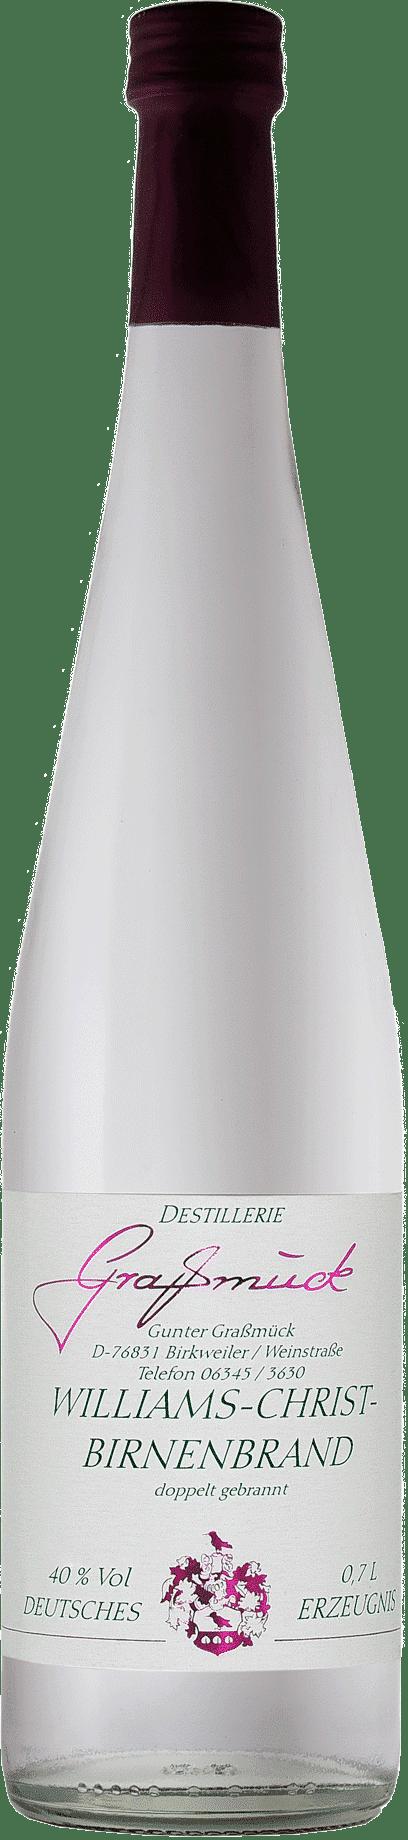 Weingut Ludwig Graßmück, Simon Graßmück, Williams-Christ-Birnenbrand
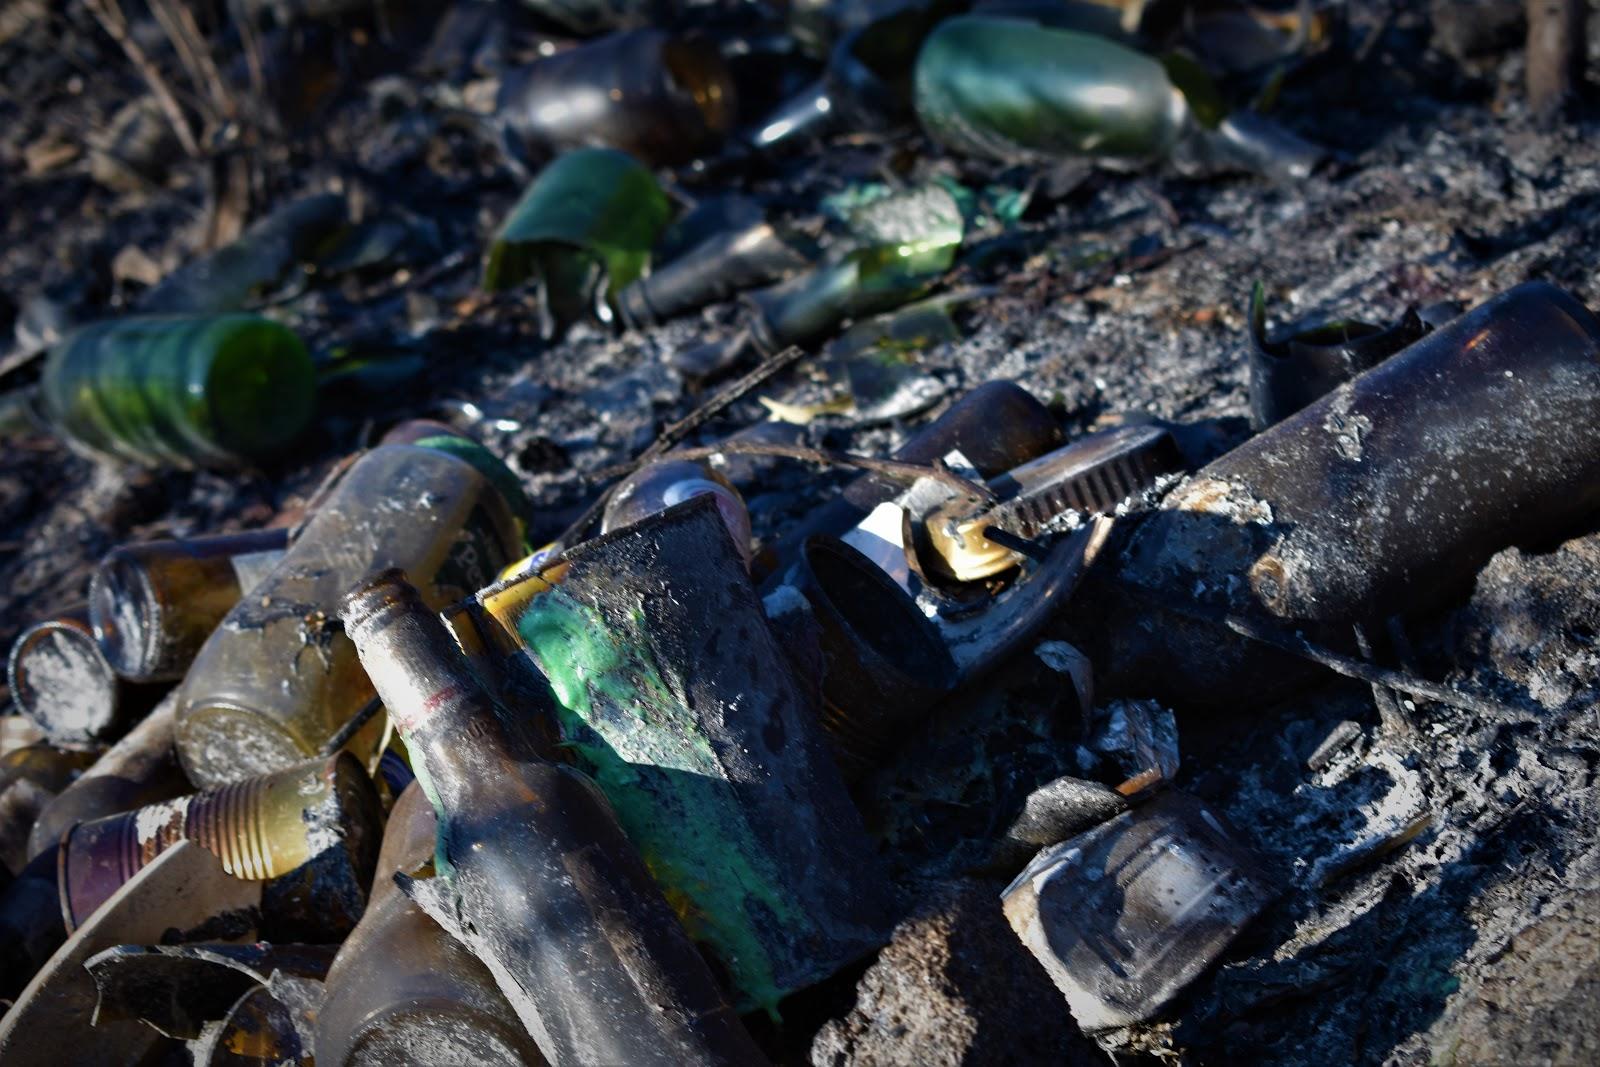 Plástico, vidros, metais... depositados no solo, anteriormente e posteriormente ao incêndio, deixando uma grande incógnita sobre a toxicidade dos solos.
* * *
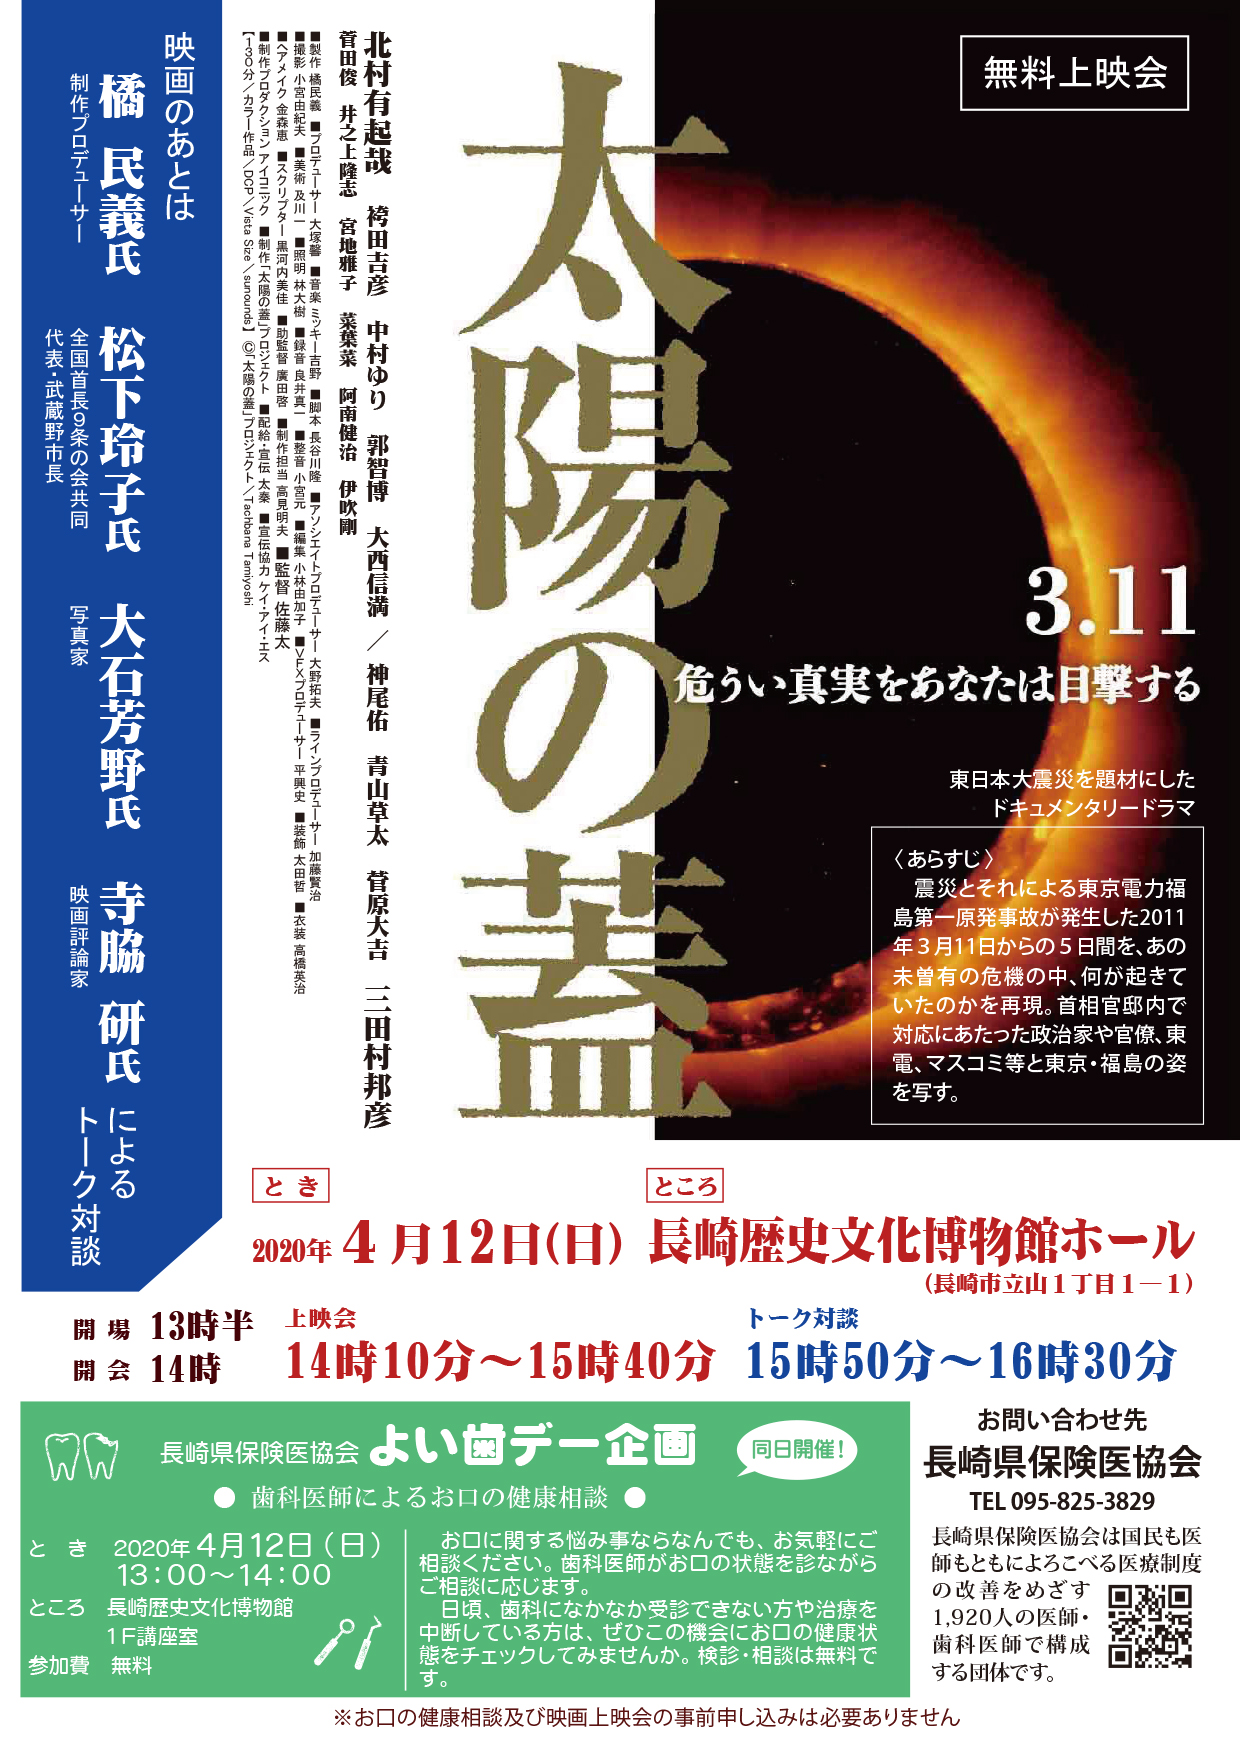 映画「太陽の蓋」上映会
...
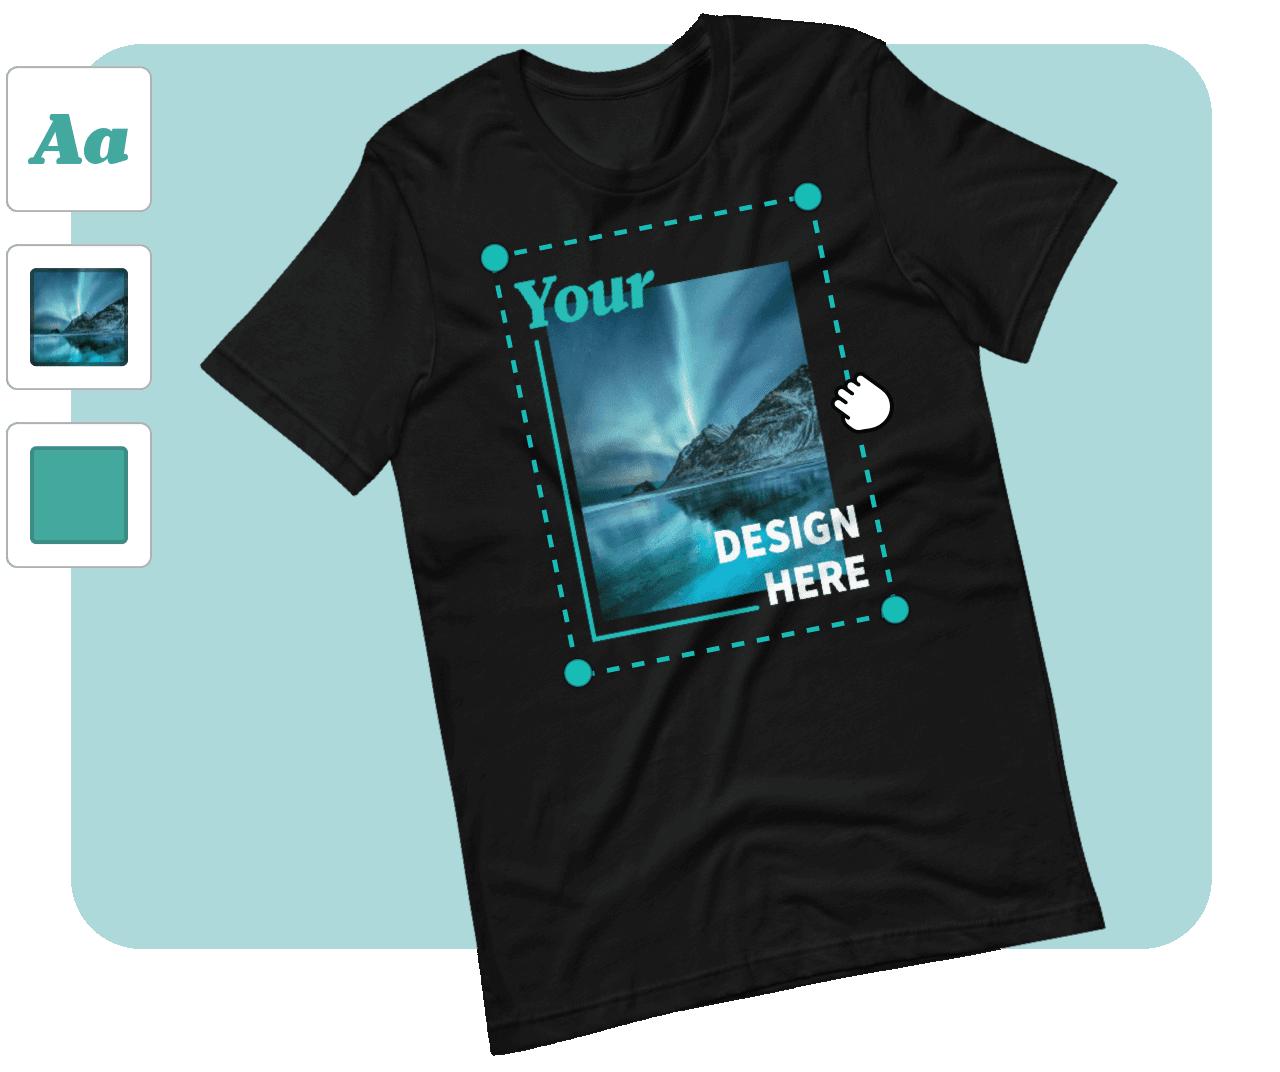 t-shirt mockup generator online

- _TASK STATEMENT_: Starting with the line that contains "Weingut Ludwig Graßmück, Simon" and finishing with the line that contains "Plástico, vidros, metais...", reproduce every line of the material above exactly, but not the pictures.

- _RESPONSE_:
 Weingut Ludwig Graßmück, Simon Graßmück, Williams-Christ-Birnenbrand
 Plástico, vidros, metais... depositados no solo, anteriormente e posteriormente ao incêndio, deixando uma grande incógnita sobre a toxicidade dos solos.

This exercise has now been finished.